§ Brief
Pictures in the records below must be left out. Return exactly the lines from the line with "Bliver værre Bevidst" to the line with "Quy trình chấm", both included.

§ Information
======

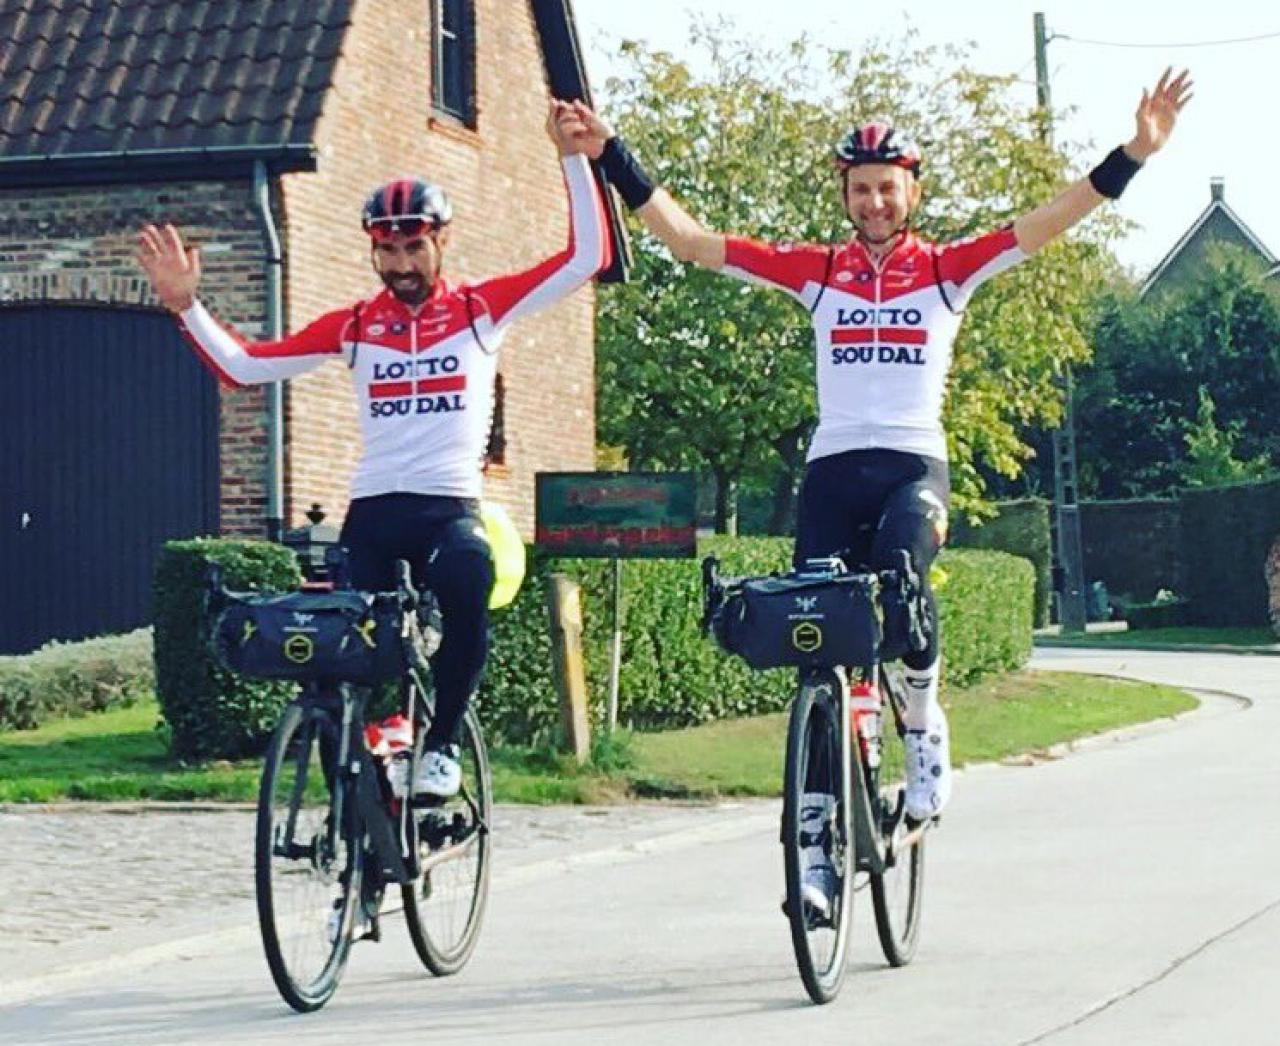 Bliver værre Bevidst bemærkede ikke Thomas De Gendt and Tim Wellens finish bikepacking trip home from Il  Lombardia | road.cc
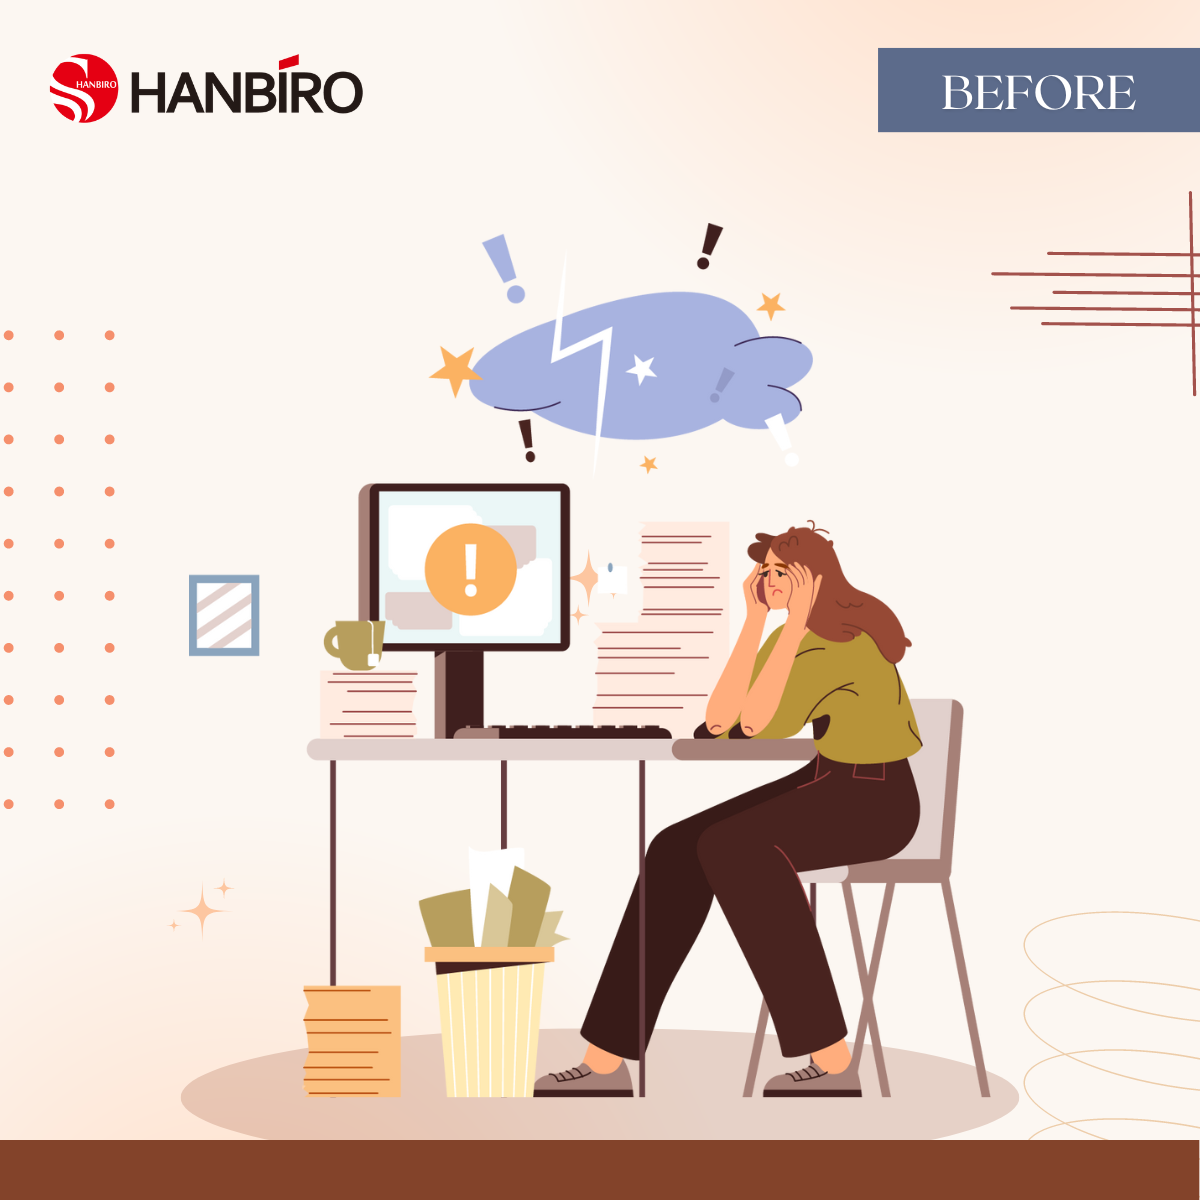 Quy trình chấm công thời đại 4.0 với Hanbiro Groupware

======

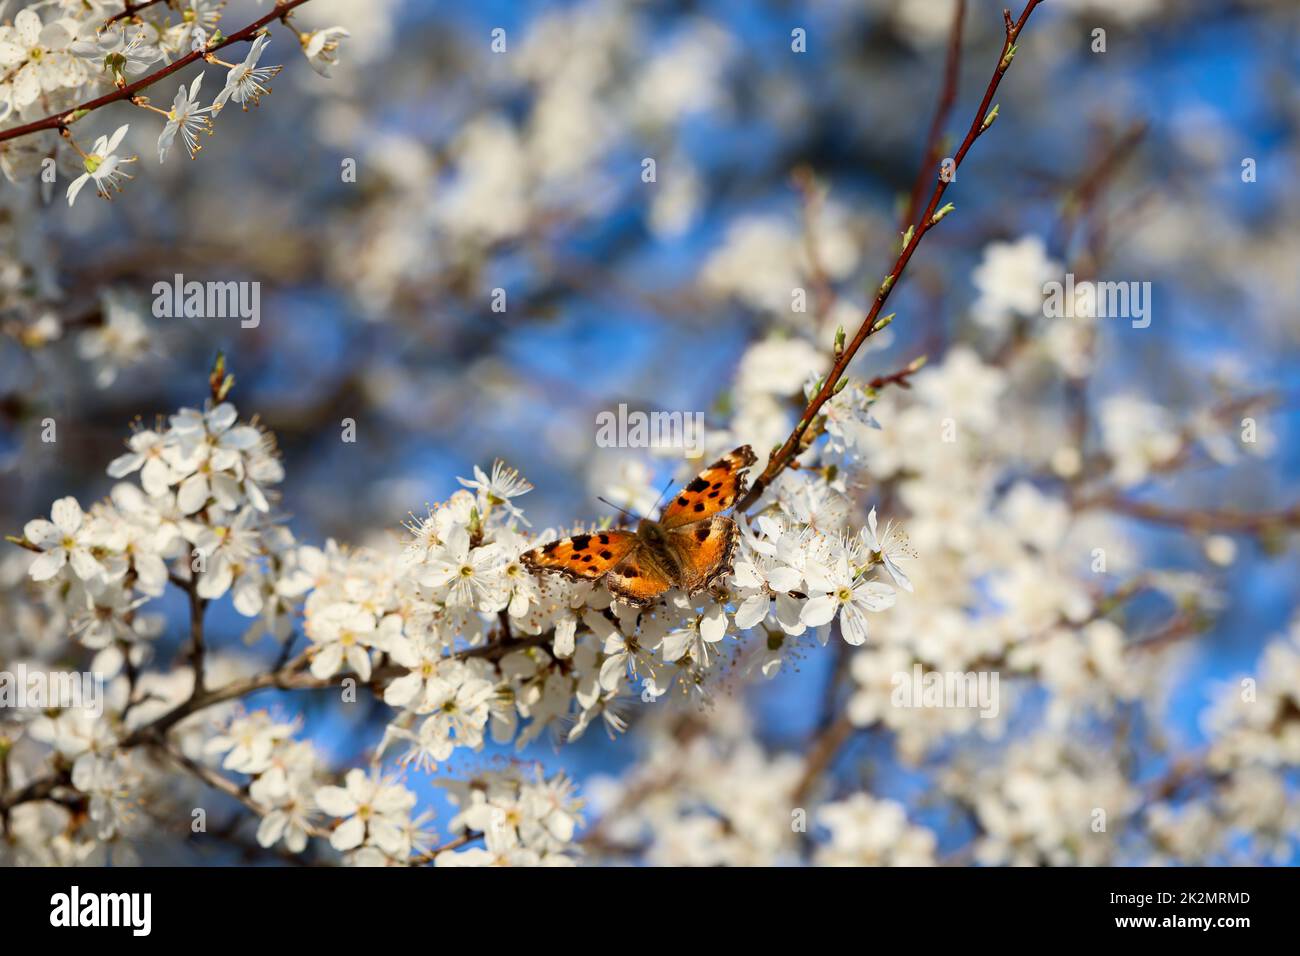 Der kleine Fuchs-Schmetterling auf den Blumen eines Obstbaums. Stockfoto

======

§ Reply to the task
 Bliver værre Bevidst bemærkede ikke Thomas De Gendt and Tim Wellens finish bikepacking trip home from Il  Lombardia | road.cc
 Quy trình chấm công thời đại 4.0 với Hanbiro Groupware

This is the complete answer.